== RAW DATA
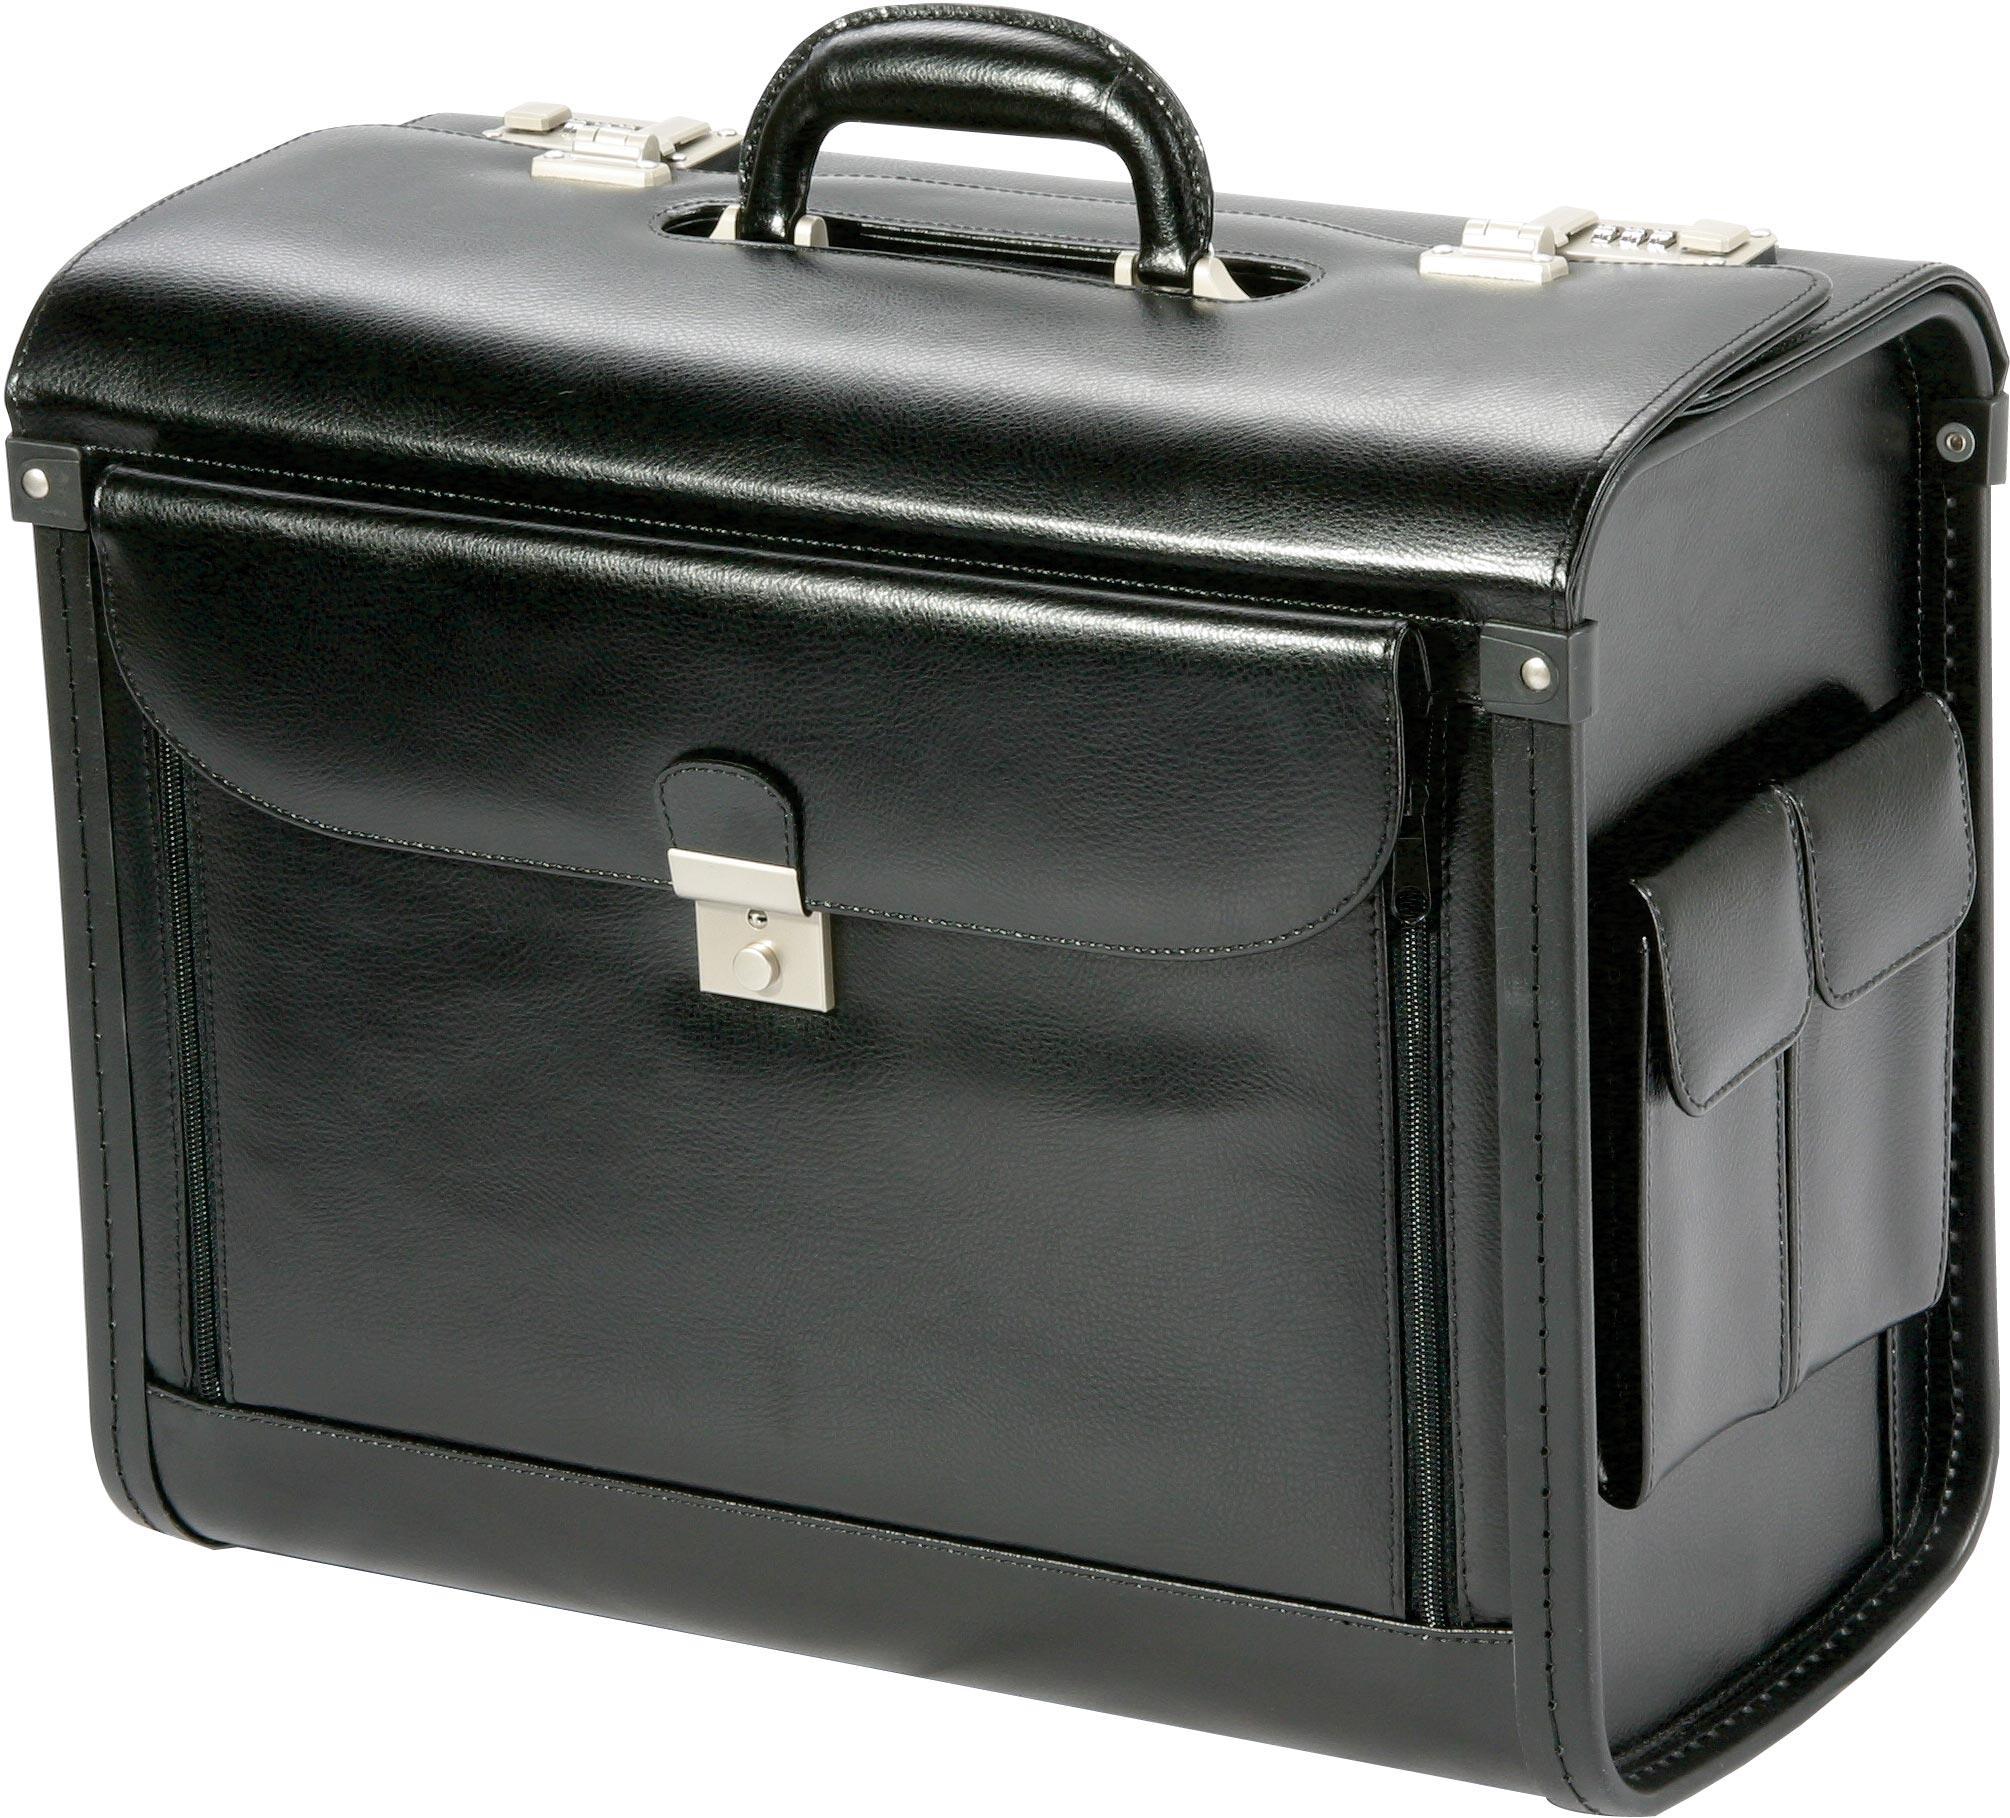 valise de pilote en cuir profil noir meandmy 28000 bagage d 39 affaires citasac. Black Bedroom Furniture Sets. Home Design Ideas
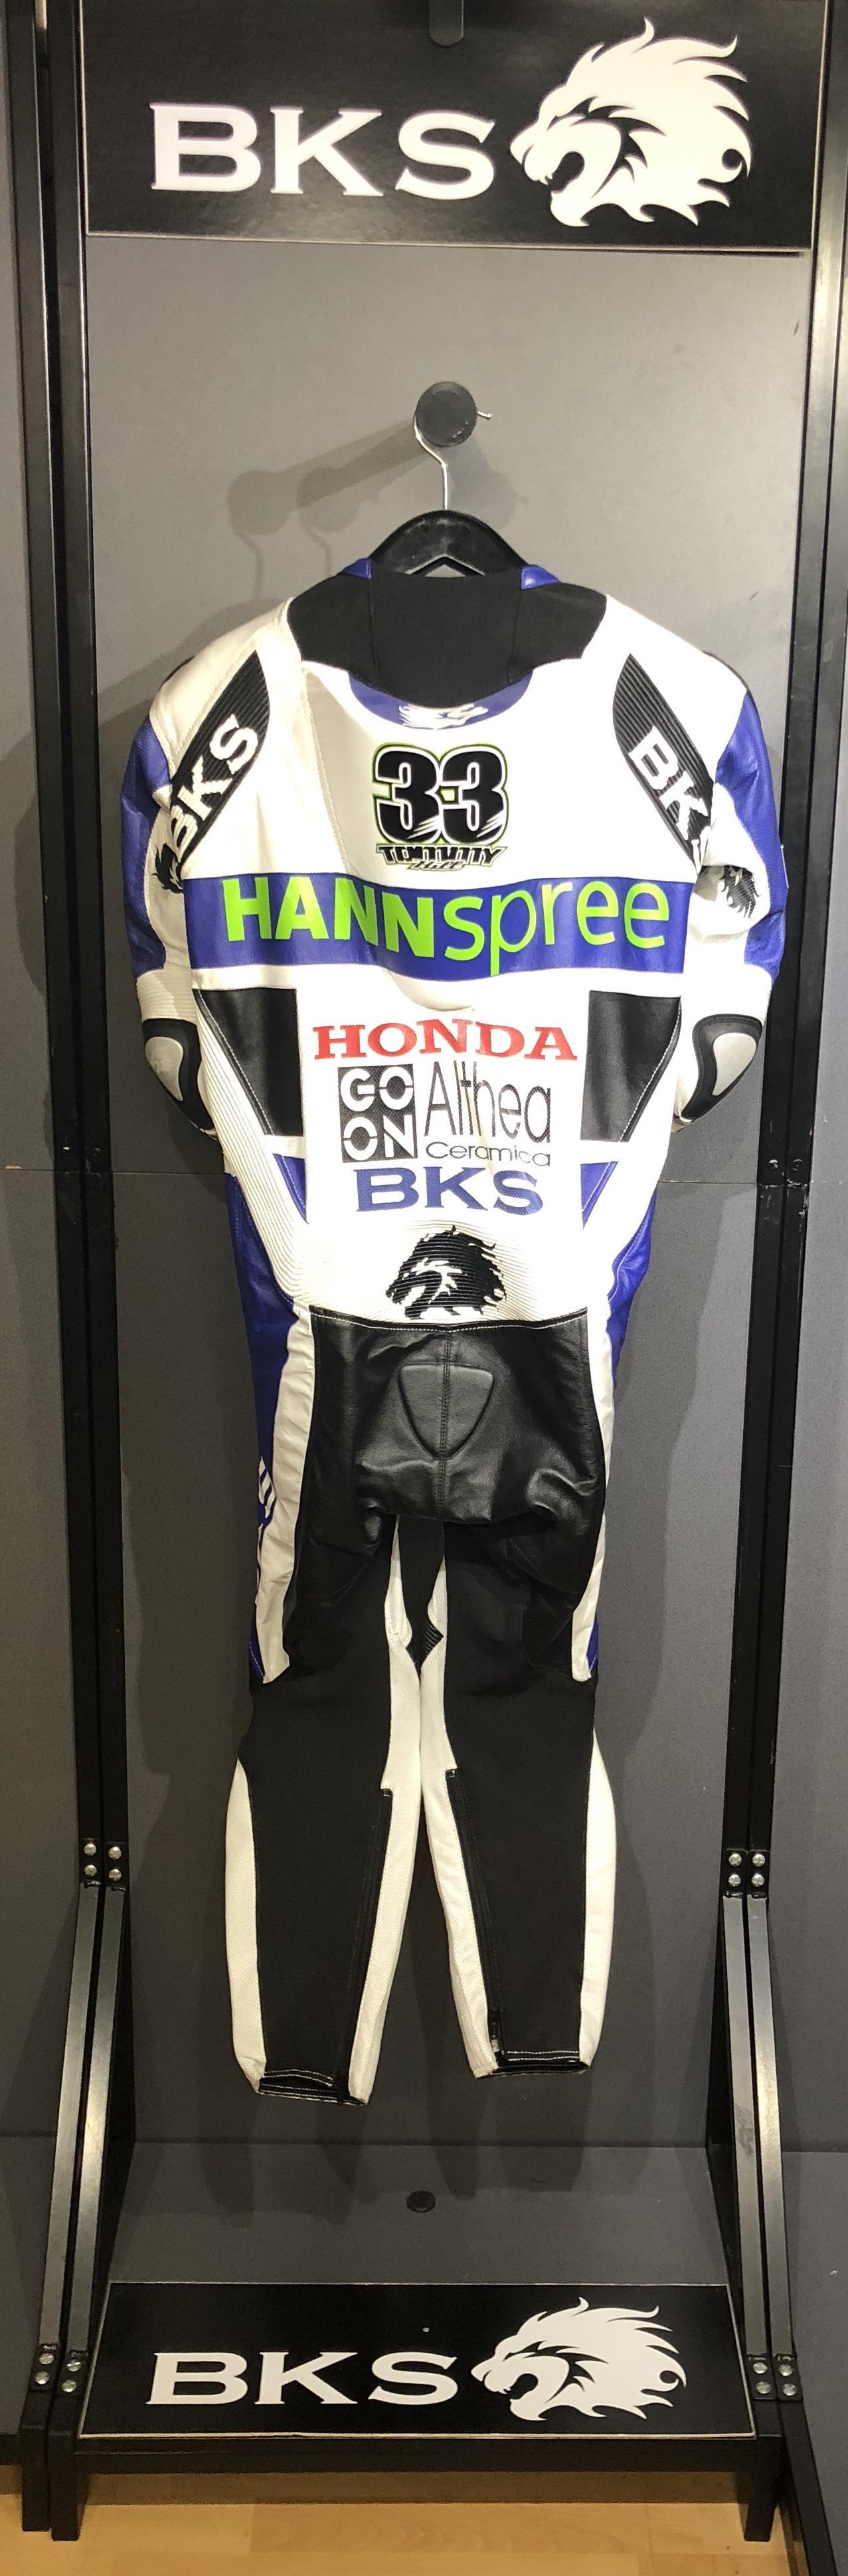 e8fa8c56 Tommy Hill World Superbike Honda suit | BKS Leather Shop
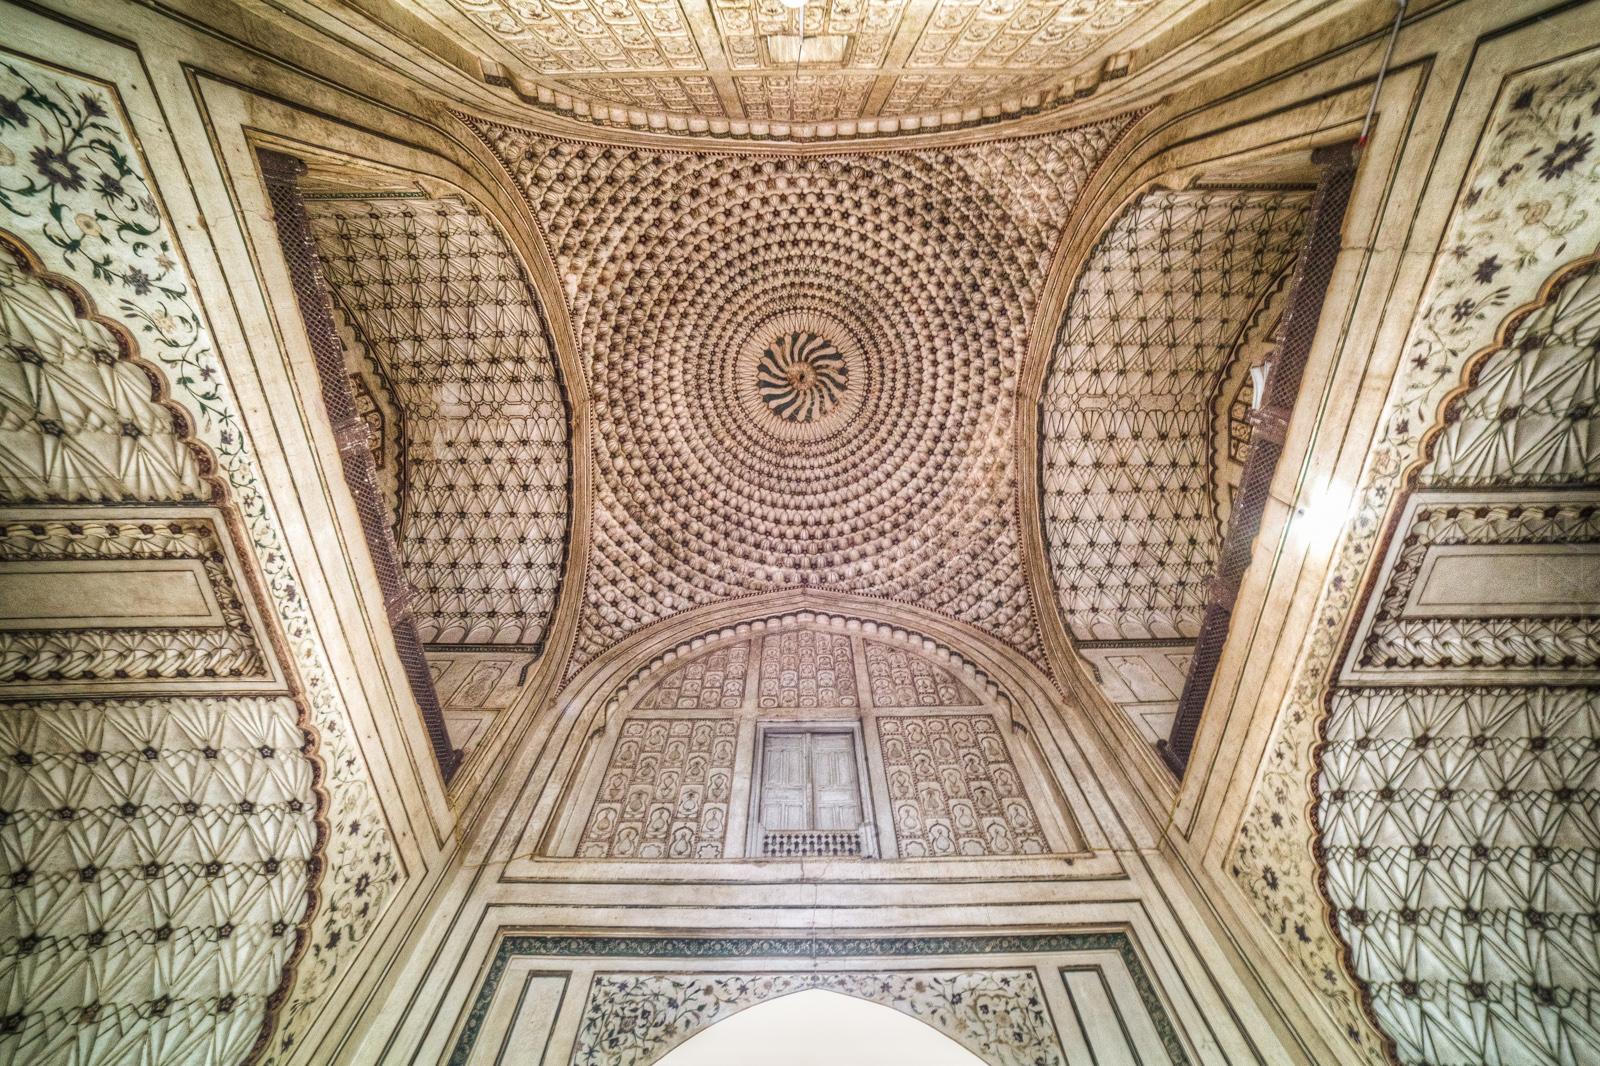 Bibi Ka Maqbara - Gateway's Ceiling
====
- **WORK ITEM**: Copy nothing but the lines from the line that contains "e8fa8c56 Tommy Hill" through the end of the listing, exactly, and keep pictures out of it.

- **RESPONSE AREA**:
 e8fa8c56 Tommy Hill World Superbike Honda suit | BKS Leather Shop
 Bibi Ka Maqbara - Gateway's Ceiling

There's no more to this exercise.